From time to time, I put on my "grumpy old man" hat to complain about some current scientific use of language. Perhaps this is pedantry, but someone has to take a stand if only to educate the new generation. What has caused my ire this week is the use of mass spectrometry to determine "sn-position isomer" compositions. "sn" stands for stereospecific numbering, and mass spectrometry is not stereospecific in this context but "regiospecific", and this is the correct term to use. Of course, when you are dealing with a single glycerolipid enantiomer as with most (but not all) natural phospholipids, the end result is the same, but the term is frequently used also for triacylglycerol positional distributions, where it is entirely inappropriate. If a racemic synthetic phospholipid were to be analysed by mass spectrometry, the primary (mixed sn-1/3) and secondary fatty acids would be determined with the same accuracy as for natural phospholipids. Incidentally, in this blog, I have occasionally challenged analysts to compare the results of determining positional distributions in phospholipids by mass spectrometry with older techniques, such as hydrolysis with the phospholipase A2 of snake venom, against natural samples as opposed to model compounds.

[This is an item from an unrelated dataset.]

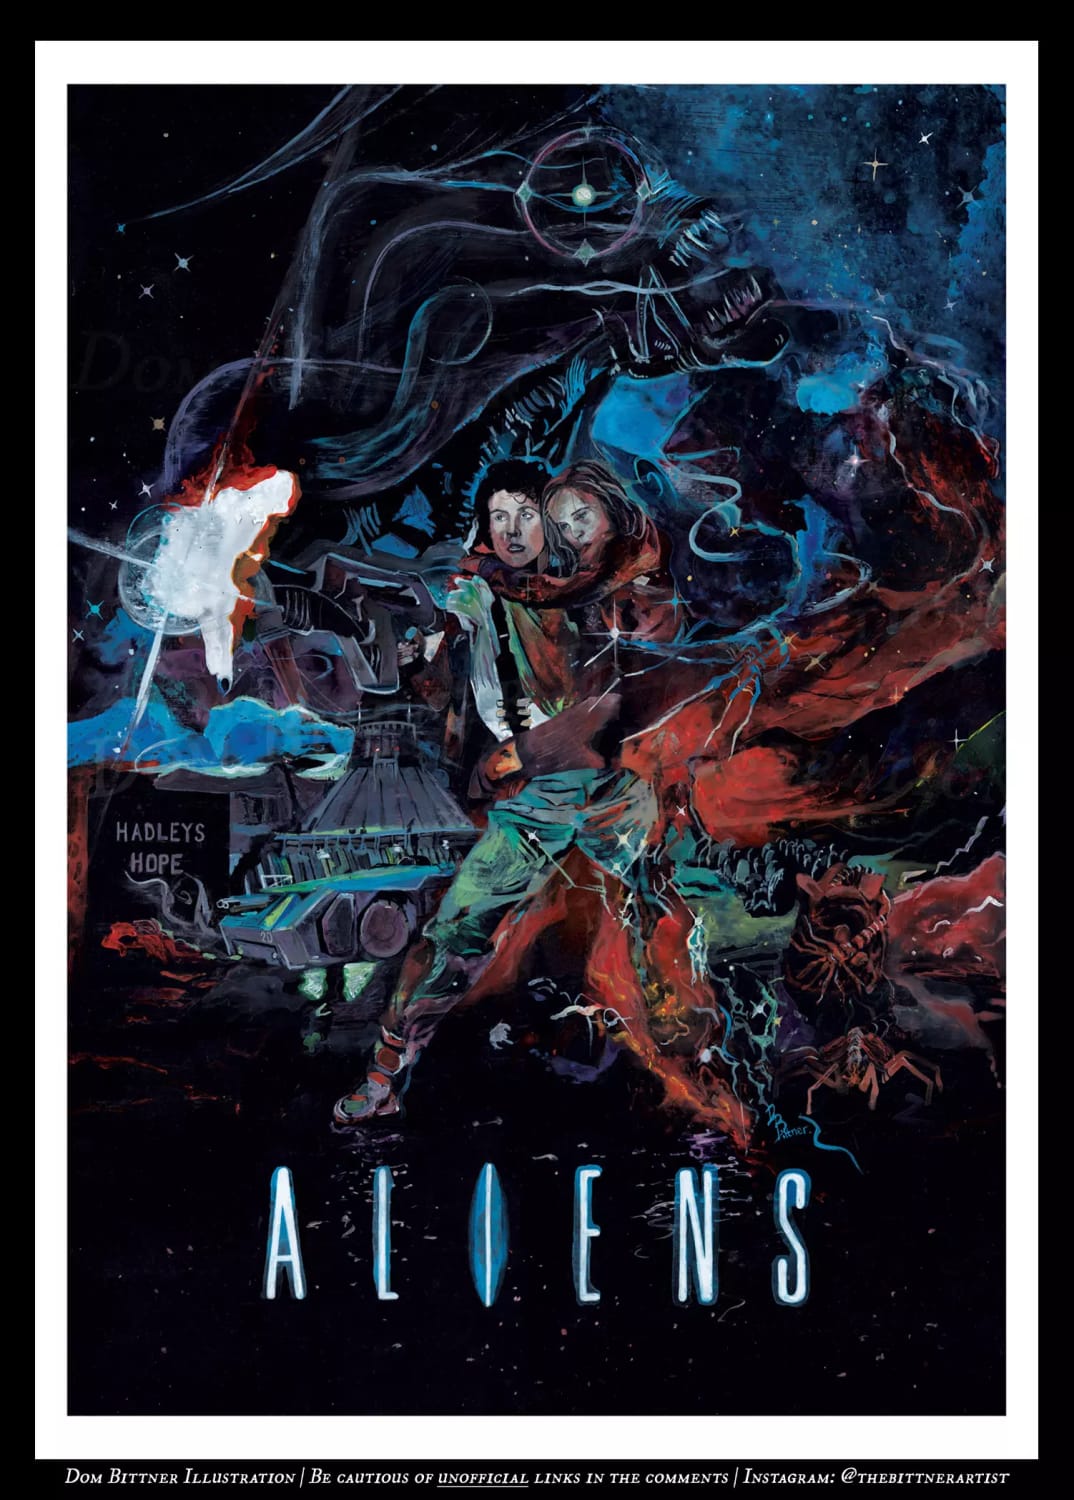 I've finished painting an alternative poster for Aliens (1986).

So far no takers, but it might be a useful short project for a student.

January 29th, 2020

Binding of ceramide to the corneocyte proteins via a reactive epoxyenone Skin ceramides are highly distinctive lipids with an essential function in maintaining the protective barrier to the environment, and a key feature is that they contain very-long-chain fatty acids with an ω-hydroxyl group that is esterified very specifically to linoleic acid. The ultimate fate of the ceramides is attachment covalently via the terminal tend of the molecule to the proteins of the corneocyte envelope. Until now, it was believed that enzymic oxidation of the linoleate molecule facilitated its hydrolysis and attachment of the ceramide to a protein by esterification of the ω-hydroxyl to a glutamic acid residue by an ester bond. This may indeed occur to some extent, but a new publication suggests an alternative with a more intimate role for linoleate in the attachment process (Takeichi, T. and 18 others. SDR9C7 catalyzes critical dehydrogenation of acylceramides for skin barrier formation. J. Clin. Invest., 130, in press (2020); DOI - open access). The suggestion is that the linoleate residue attached to the ω-O-acylceramide is oxidized by 12R-LOX and eLOX3 and an NAD+-dependent dehydrogenation to a highly reactive 9,10-trans-epoxy,11E-ene,13-keto intermediate (see our web page on hepoxilins), which rather than being hydrolysed is able to link non-enzymatically by the Michael addition reaction to cysteine or histidine residues in proteins of the corneocyte envelope, or by formation of a Schiff base and eventually a pyrrole derivative with a lysine residue. Incidentally, this adds to the argument that linoleic acid is an essential fatty acid in its own right and is not simply a precursor of arachidonic acid and eicosanoids.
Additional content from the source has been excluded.